Pepper, I had told him, has some really annoying habits, one of them being trail blazing. The way our lawn looks, crisscrossed from fence line to fence line, you'd think there was a herd deer out there instead of one spotted dog with an obsession for jogging. 

Next to running, what Pepper likes best is excavating. If I had a dime for every hole that creature's dug, I could buy a dog run with a sterling silver lock.

She has taken over our moonscape of a backyard. It's my territory, she says in the kind of bass voice that would be unbecoming to a female of any other species, and nobody better forget it. Especially no body belonging to a meter reader better forget it.

And she means it! Day after day Pepper keeps a watch out for the electric-meter reader so that when he finally comes by she can engage him in a little over-the-fence conversation. A little over-the-fence conversation goes like this:  "If you even look like you're going to come in here and read this meter, I will personally see to it that no one ever again accuses you of having a nose."
 
Actually, noses are not Pepper’s favorite food. What she really likes are sleeping bags, imported leather boots, irreplaceable wooden antiques, and table scraps. Her definition of table scraps is anything she grabs off your plate when you're not looking.

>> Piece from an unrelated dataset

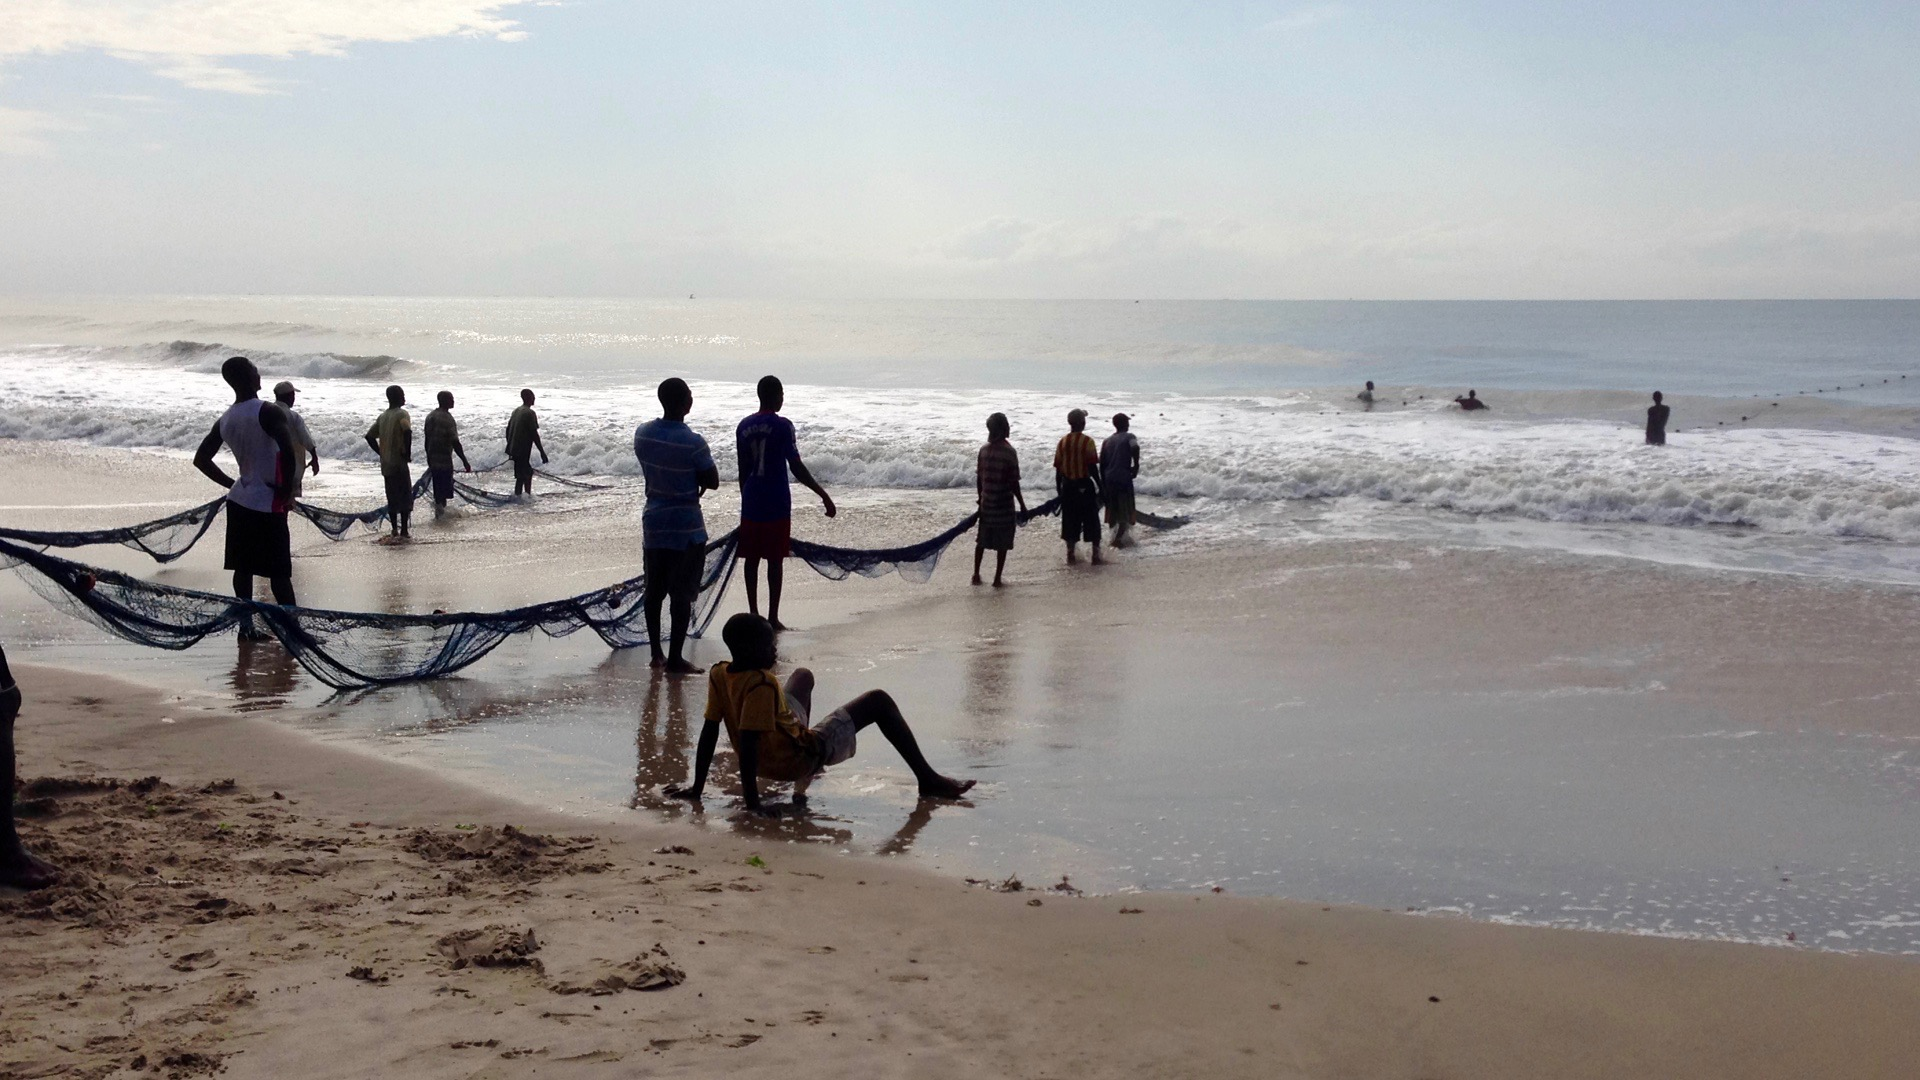 Seine fishing in Kokrobite beach fishing village, Ghana. #JujuFilms
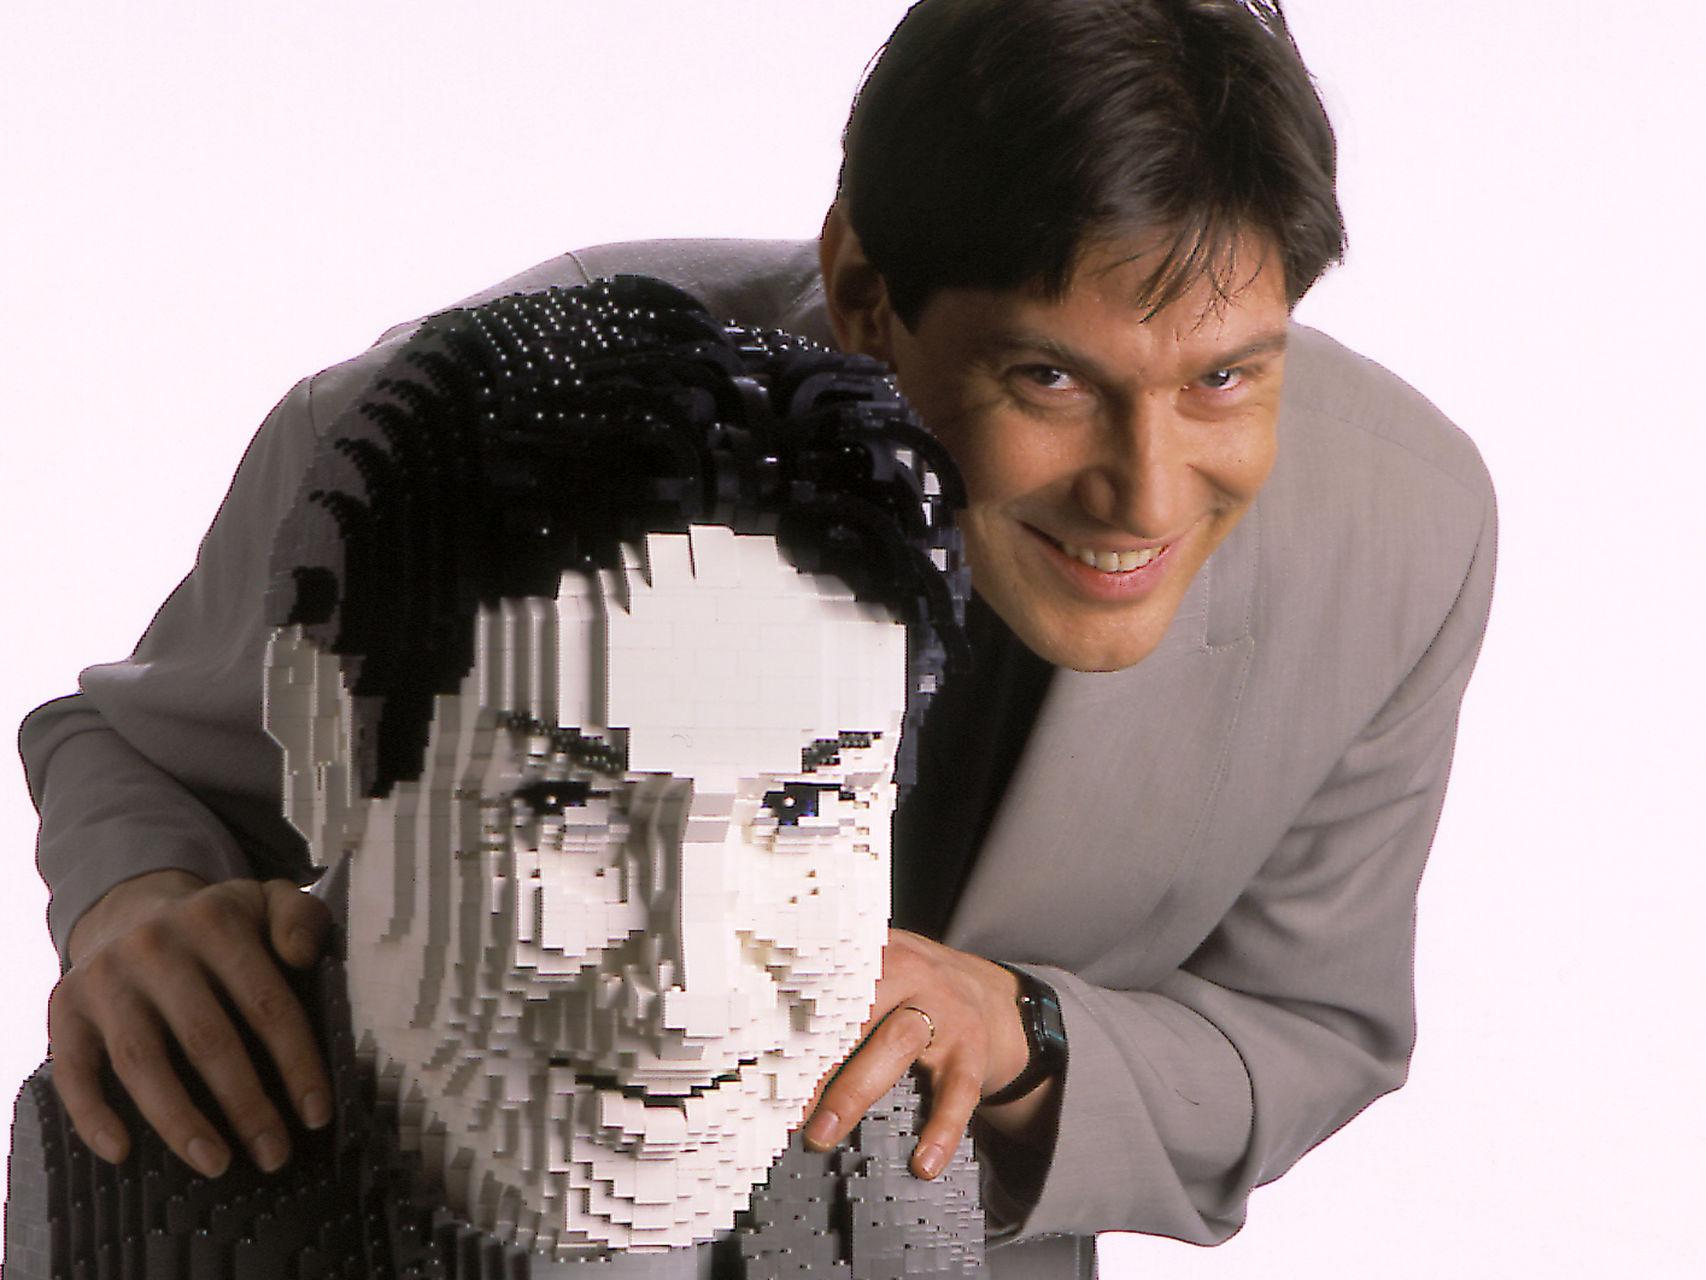 Dirk-Denoyelle-autorretrato-Lego_114748949_3281079_1706x1280

I tell you, you don't want an animal in the house around meal time, who is big enough to reach the middle of the table, from a standing position.  Once Pepper made off with a whole pot roast on a night when we had important guests. It was not a pretty sight the way she swallowed it whole right there in front of everyone without even so much as a thank you or comment on how delicately it was seasoned.

"What your dog lacks in manners, she makes up for in chutzpah," my husband's boss said as our pet licked her lips and belched before turning tail to go look for a stick of chewing gum.  Of course I didn't know she was looking for gum at the time, but there was no mistaking that she finally found it. I now have an expensive calfskin purse with an easy access hole.

One of the hardest things we've had to adjust to, since we plucked a tiny black and white puppy from a breeder’s kennel with the mistaken delusion that here was a helpless little creature we needed to save from Walt Disney's Cruella De Vil, is our dog's ungrateful attitude.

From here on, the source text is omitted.